Moving on

Hello, update here: I have regretfully abandoned posting in the past few weeks, so here are a few additional signs of life.

First of all, my thesis has begun taking on its final form. The first 20,000 words are looking very good – I’ll have to wait for what my supervisors will say when I send the excerpt to them after Easter, but it feels great to see where things are going.

That said, the number of condolences and kind words I have received after Terry Pratchett’s passing are amazing. When I heard the news, it felt like a remote but nonetheless much beloved friend had gone out of my life. Then the messages started coming in. In the beginning I thought it rather surreal – Pratchett and Discworld have been my ongoing project for more than three years now, but I had had no personal contact with him except through his books. As more messages of condolences arrived, however, I felt touched. More than that, I felt not alone. A student and good friend of mine even called to see whether I was all right. Parts of me were.

I regret never meeting Pratchett. I feel sad about knowing that Discworld – if there will be future novels – is never going to be the same again.
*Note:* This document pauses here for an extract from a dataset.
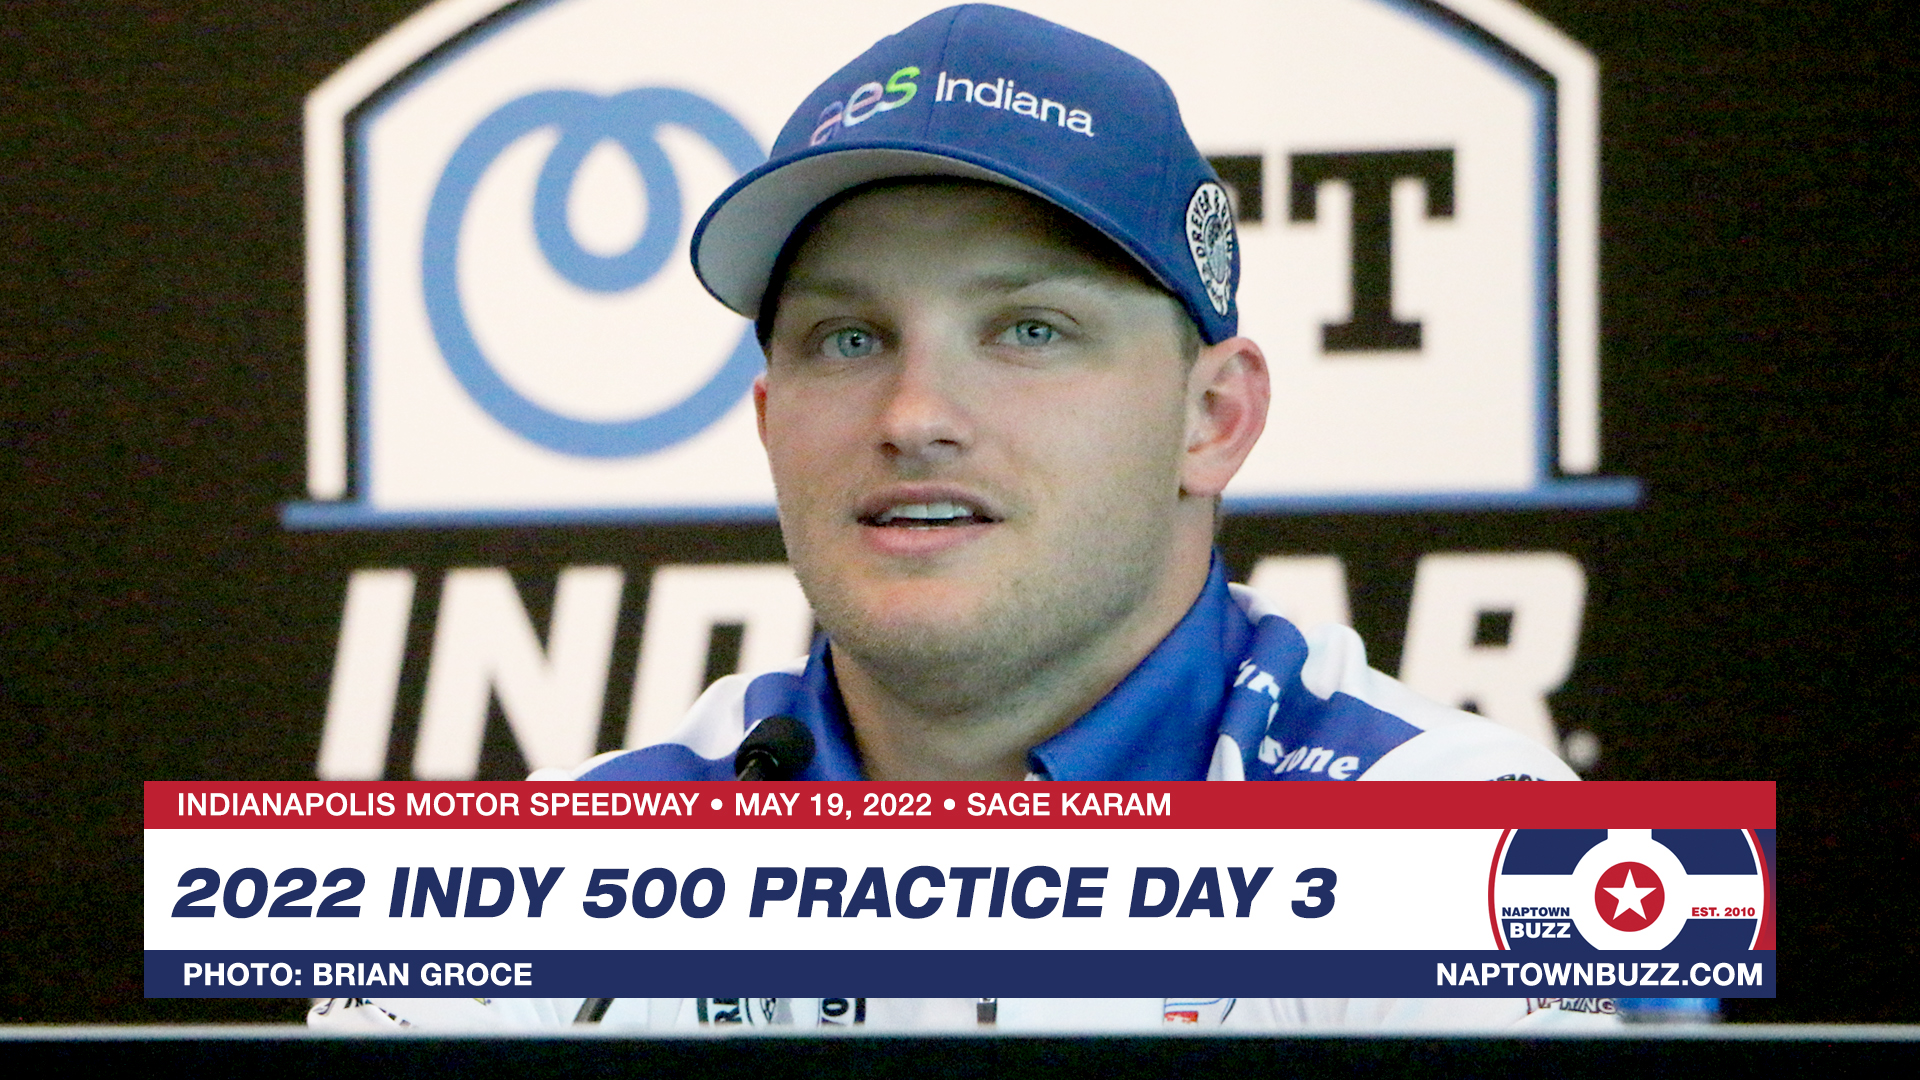 Sage Karam on Indy 500 Practice Day 3 at Indianapolis Motor Speedway on May 19, 2022

And I could still cry thinking about Neil Gaiman and what he must be feeling now.

But then again, I have written so much these past few weeks. It is looking really, really good. Many things will still need to be changed. But I know where it is going.

And I also know whose name will feature even more prominently in my acknowledgments.

A warning

If you ever give a paper at a conference and two days later start receiving very friendly emails from journals such as David Publishing or Lambert Academic Publishing, do NOT under any circumstances feel flattered.

Should they express interest in your paper and state that they would be happy to publish it in their journal, do NOT feel tempted to send it to them. They charge you at least 60 dollars for your paper – yes, you give them money for your intellectual property – and then publish it without proofreading, without proper footnotes and bibliography, wedged in between advertisements and bad grammar.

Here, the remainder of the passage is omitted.